The family’s single, biggest philanthropic pledge took place in December 2021 when it committed 84.5 million Anta shares – worth HKD9.26 billion or $1.2 billion at that time – to charity. Monies from the share sale will eventually go into the Hemin Foundation, according to an Anta statement; the foundation is set up by the family to mainly focus on public-welfare projects, such as medical assistance, sports, rural revitalisation, and environmental protection, and is part of a combined $1.6 billion in pledged donations to Hemin. Anta said the first tranche from the Foundation of RMB2 billion ($286 million) is being used to build a Grade-A tertiary hospital in Jinjiang called the Shanghai Sixth Fujian Hemin Hospital, and ground-breaking work on the facility has begun.

“Keeping too much wealth is bad for the children and the grandchildren; it will sap them of the drive to work hard,’’ said Ding Hemu, in the video posted on Bilibili, when asked why he gave so much to philanthropy. “Just giving the next generation enough to guarantee their basic livelihood would suffice.”

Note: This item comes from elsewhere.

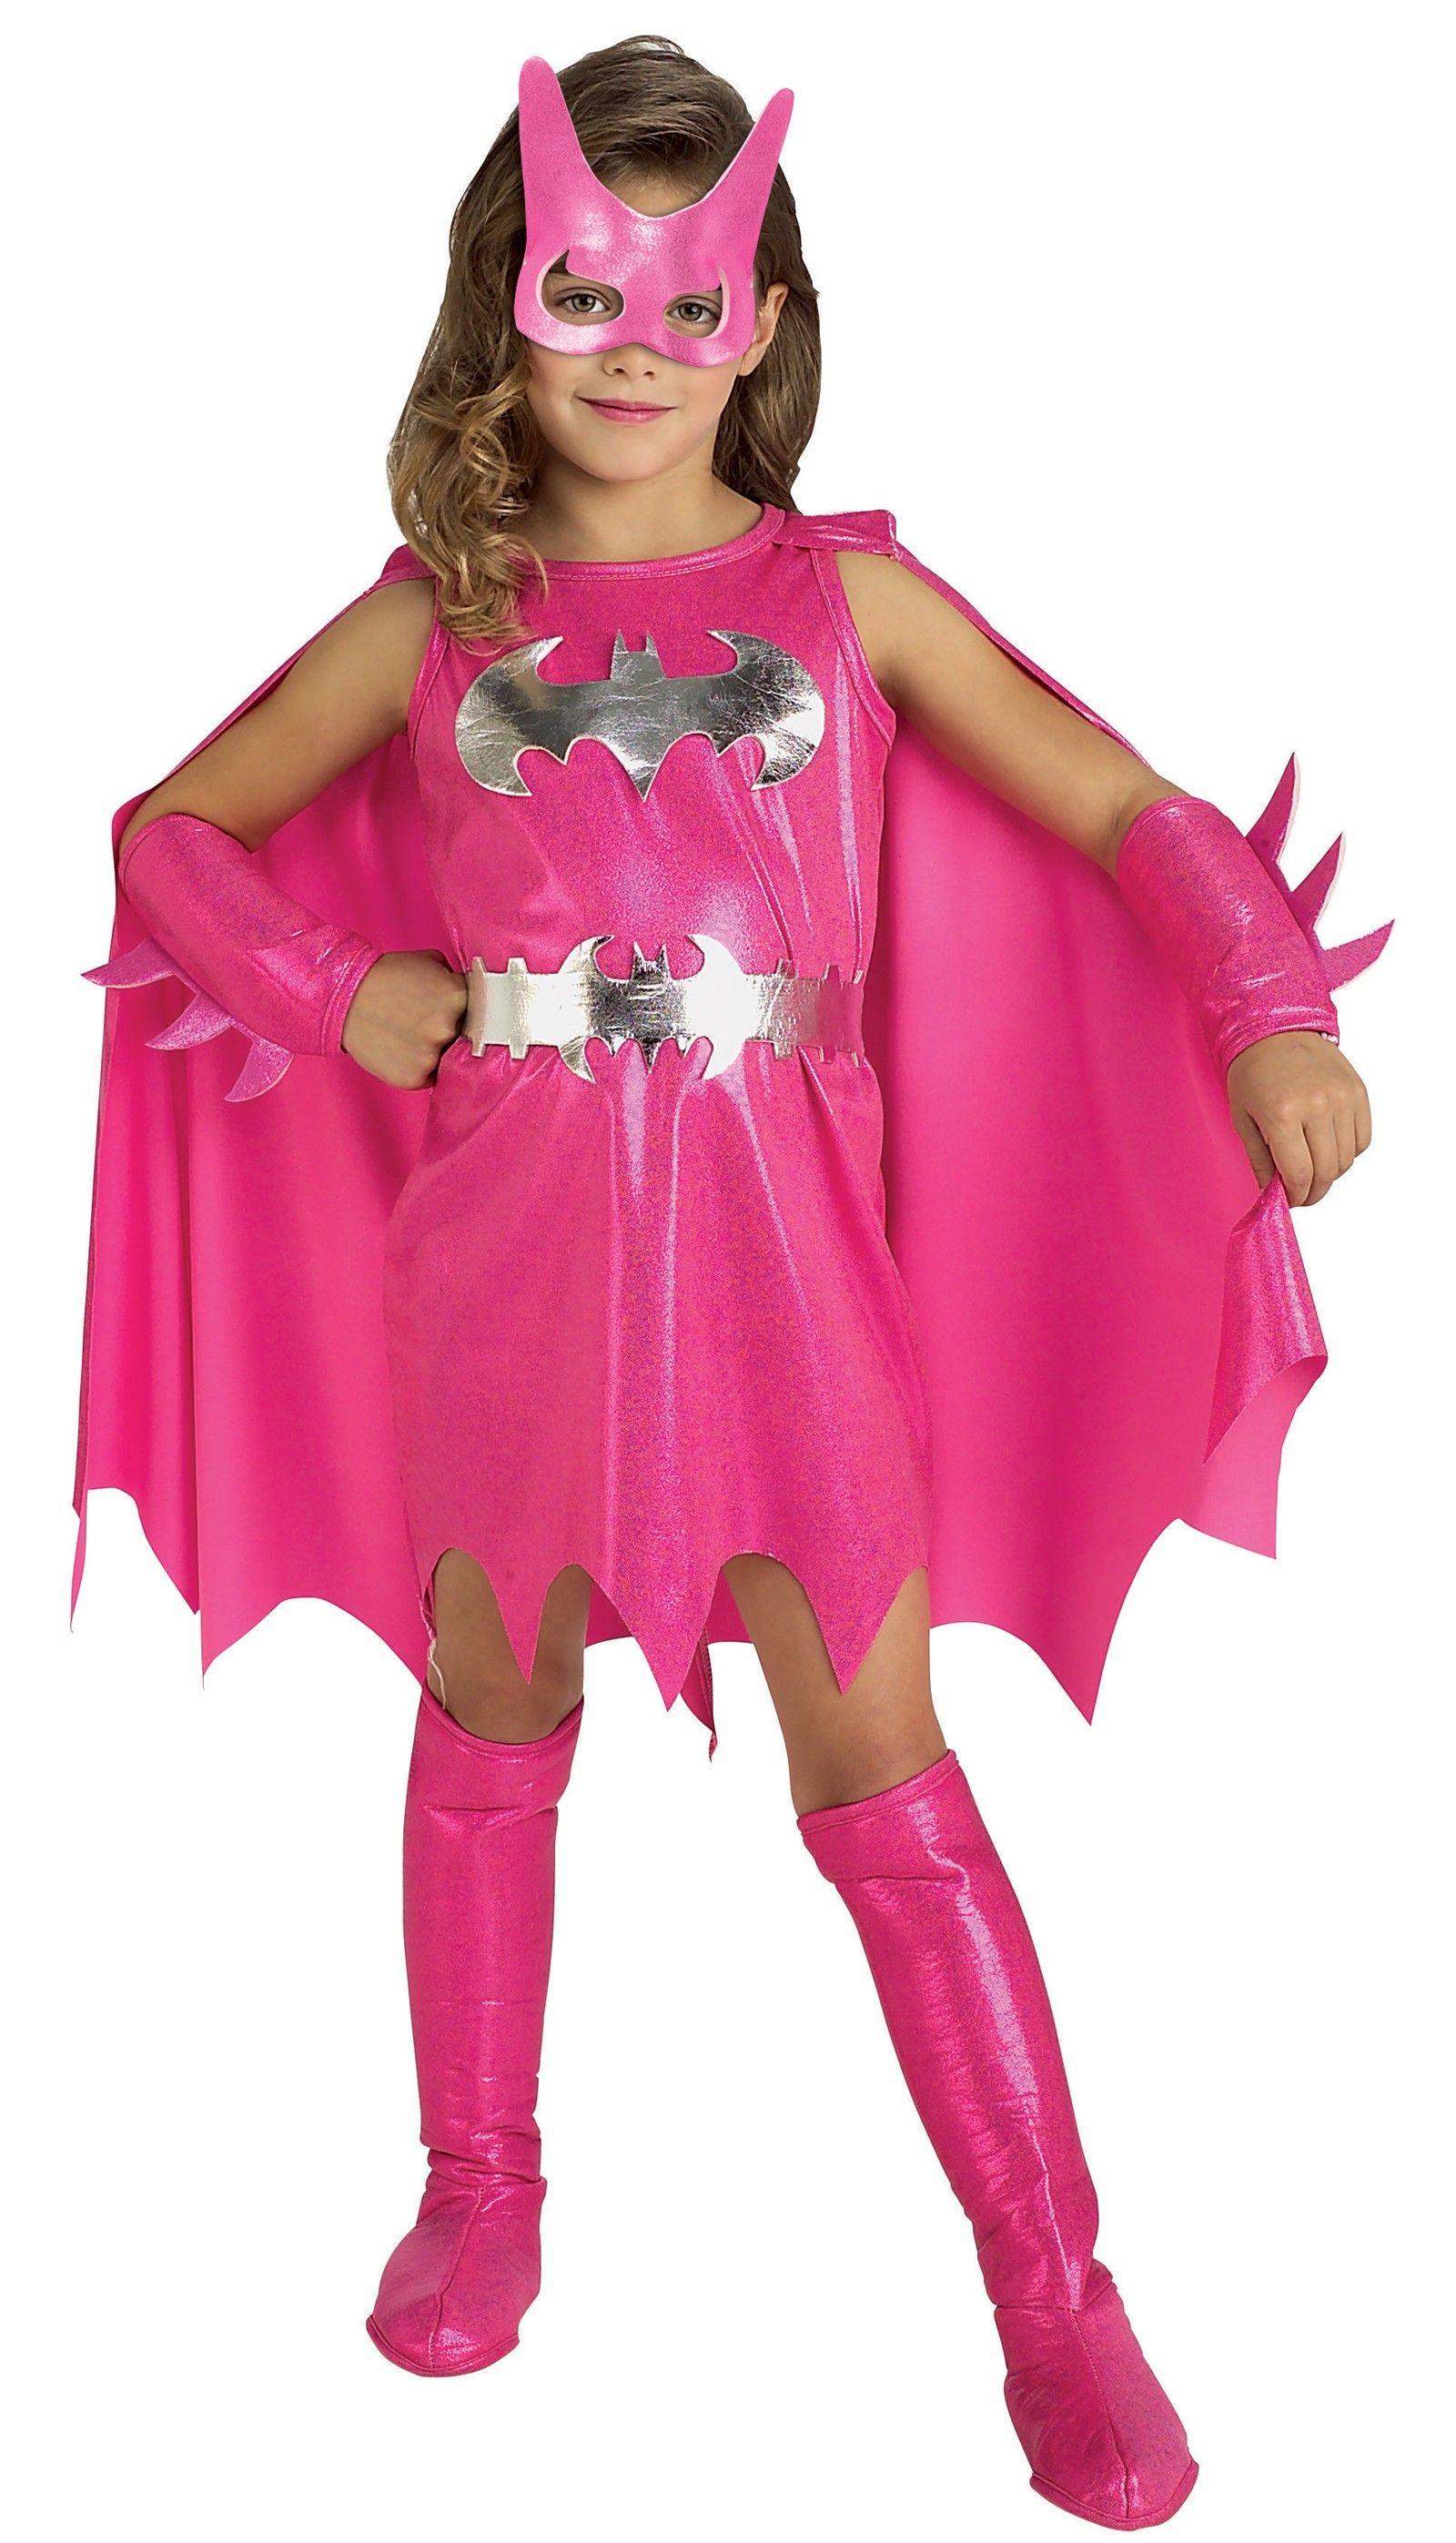 Disfraz de Batichica color Rosa para Niña | Proyectos que intentar ...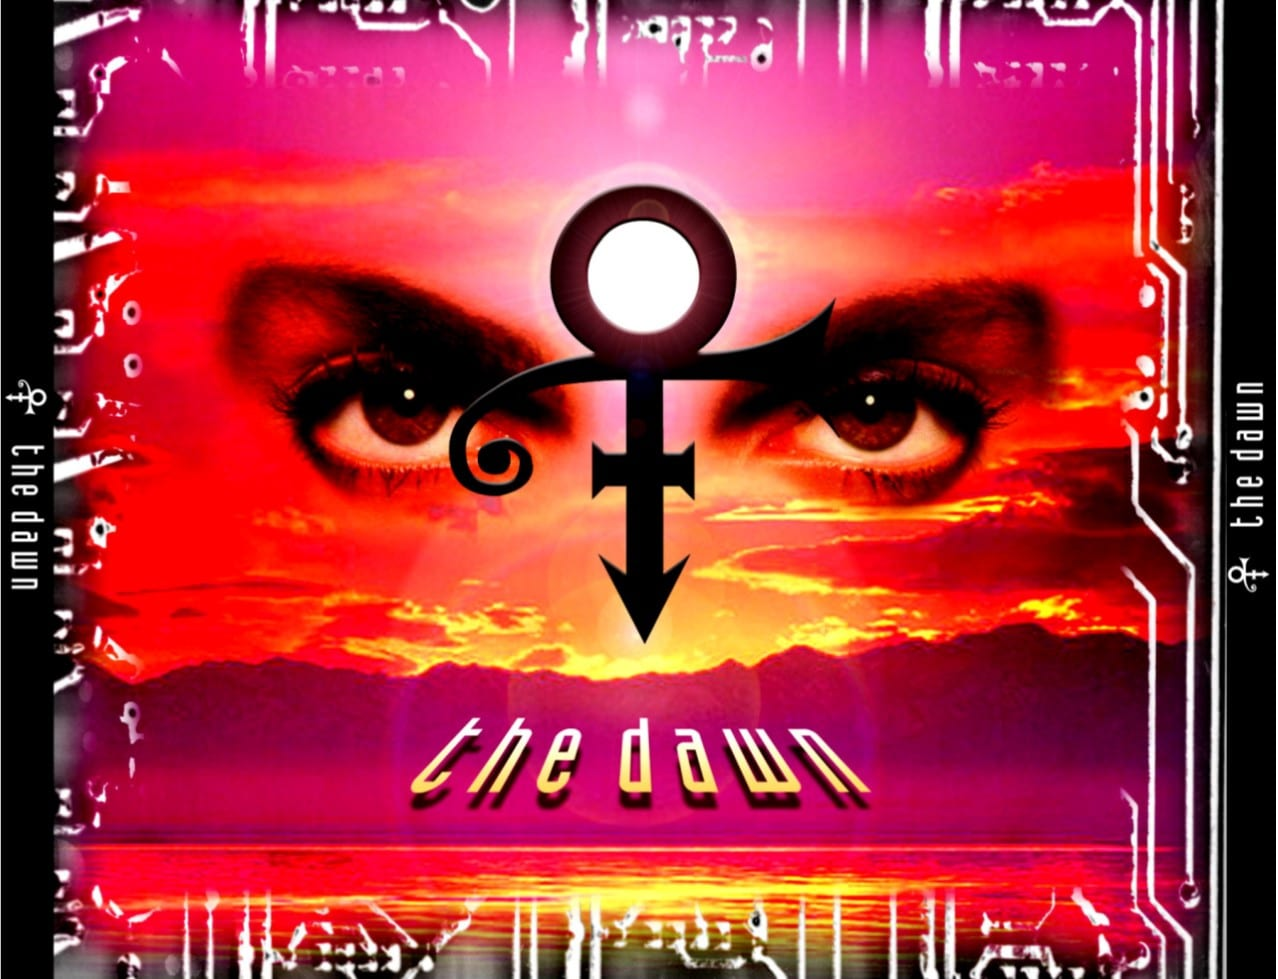 Prince - The Dawn (2008) 3 CD SET 15

Anta’s announcement on starting the charity Hemin Foundation coincided with a so-called “common prosperity” campaign by the Chinese government to close the gap between the rich and poor in the country. First introduced by Chinese President Xi Jinping at a political meeting in August 2021, the concept of involves bettering the income and livelihoods of the rural communities and underprivileged; it also included a push to “regulate excessively high incomes, and encourage high-income people and enterprises to return more to society.” Other Chinese entrepreneurs that made large pledges to charity at around the time of Xi’s speech included Meituan Chairman Wang Xing, who donates $2.3 billion worth of shares in his company to his own philanthropic foundation, and smartphone maker Xiaomi’s co-founder Lei Jun, who announced in July 2021 plans to donate $2.2 billion of shares to two charitable foundations founded by him.

“Wealth is a sensitive subject in China” that needs to be carefully dealt with, said Fu. “But there’s no need to doubt the charitable intent of philanthropic giving by the rich in China, and the good such generosity produces is what ultimately matters.”